An elite ensemble

Concert: Howard's all-county band of elementary students is set to perform in a concert at 7:30 tonight.

March 28, 2001|By Donna W. Payne | Donna W. Payne,SPECIAL TO THE SUN

Some of Howard County's elite musicians measure less than 5-feet tall. They are the youthful tunesters of the all-county elementary school band. Their bandmasters, Mike Blackman and Kendall Davis, use words such as "amazing," "incredible" and "totally focused" to describe these musicians.

Members of the Howard County Elementary School Band have been practicing for the past two months in preparation for their concert at 7:30 tonight at Hammond High School. The all-county band members were selected during countywide auditions in January. Those chosen gained the privilege of taking part in the demanding, twice-a-week, two-hour practice sessions at Mount View Middle School.

Each year, the county's 37 elementary schools send their best student musicians to county band auditions. This year, 150 kids tried out and 51 were selected. Most are fifth-graders, but this year's band also includes one third-grader.

Kendall Davis, a music teacher at Pointers Run Elementary School, and Mike Blackman, who teaches at Triadelphia Ridge and West Friendship Elementary schools, have directed the band together for the past four years.

"It's up to us," says Davis, "to get a great ensemble sound [from] a bunch of kids who have never been together."

Both bandleaders believe that the commitment and musicality of the children make this goal achievable.

"We leave the average kid behind," Blackman says. "These are all the kids who are tired of their friends not bringing their instrument to school or not practicing ... and they really get a kick out of being with other kids [like themselves]."

The fifth-graders in the band agree. Bass clarinetist Christy Pettis of Glenwood says, "The music is so challenging, and the people are so nice. I have met a lot of people that I really find I have lots of things in common with."

Devi Kumar of Clarksville brought cupcakes to share at a practice and enthuses that "Mr. Davis and Mr. Blackman are fun, and they're not like boring and serious."

She thinks that the best part of band is "actually playing the music."

Alexander Bahden, a Clarksville resident who plays saxophone in the band, emphasizes the importance of practice for success. But he says that "the fun part is when you get to play something ... the whole piece."

During rehearsals, Davis and Blackman operate as a team, alternating between directing the band and roaming among the players to listen and correct. Players are encouraged to "keep the integrity of your instrument alive," and trumpeters are admonished to "drop the jaw and blow."

The band rehearses the beat by clapping, or by calling out the rhythms with a "ti, ti, ti, ta, ta."

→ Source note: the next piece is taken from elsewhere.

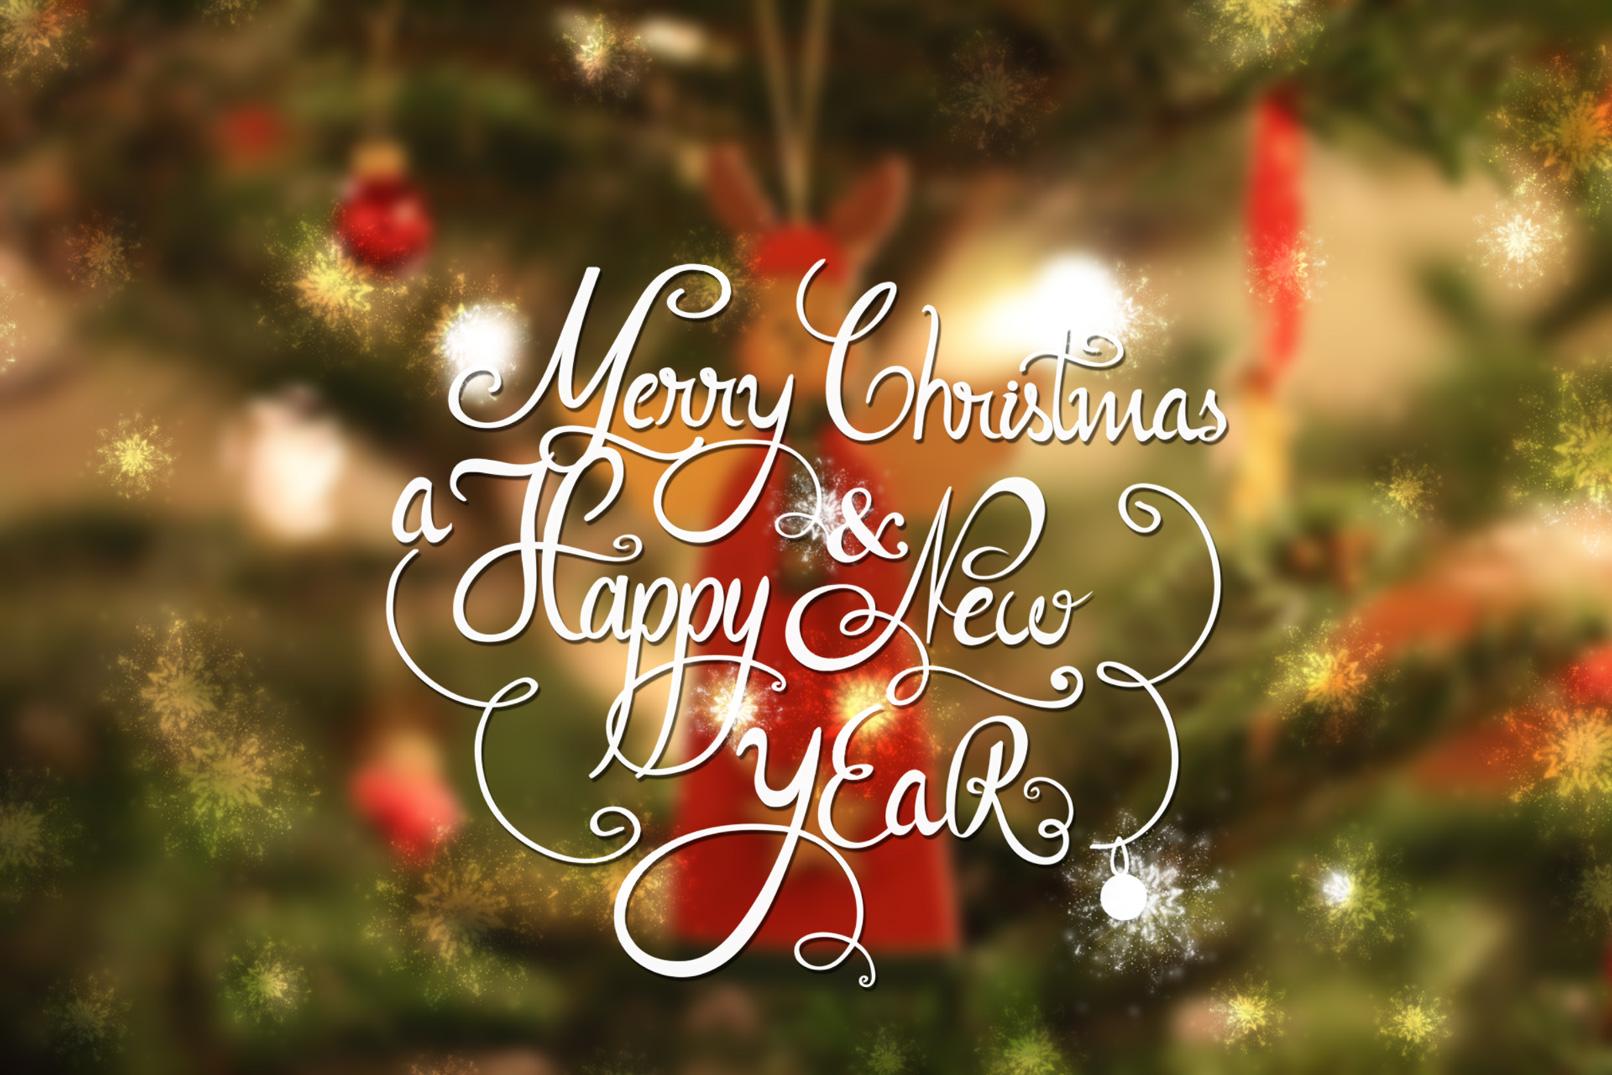 Beispiel zur Anwendung der Pinselspitzen mit Glückwünschen zu Weihnacht und Neujahr
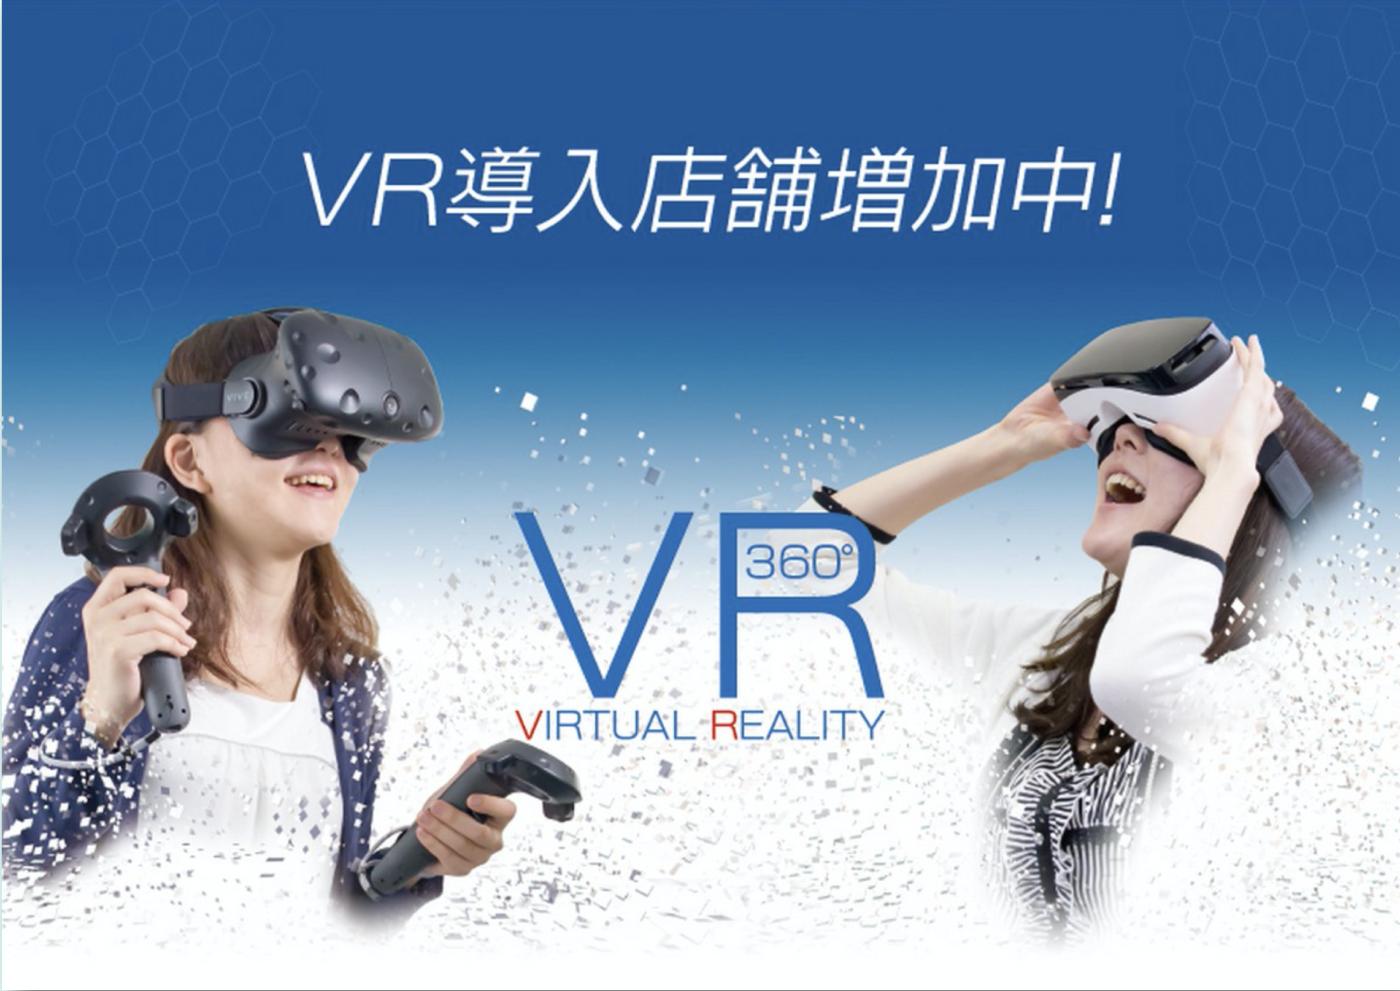 自遊空間VR

According to Barbara King, instructional facilitator for music in the Howard County schools, there are several select music groups for schoolchildren.

The elementary and middle school orchestras meet year-round, as does the elementary school chorus. The high school orchestra meets in the fall. The elementary and middle school bands meet January through March and share the bill at a yearly concert.

Davis and Blackman listen to and judge student groups in other counties. "The level of music-making in [Howard County] is ... superior," says Davis.

Music lovers can decide for themselves after hearing the elementary and middle school bands play tonight.

Blackman calls the middle school band "phenomenal" and notes that, compared with the elementary band, the middle-schoolers add "two years of maturity" to their musical talent.

"It's all about the music here," Davis says.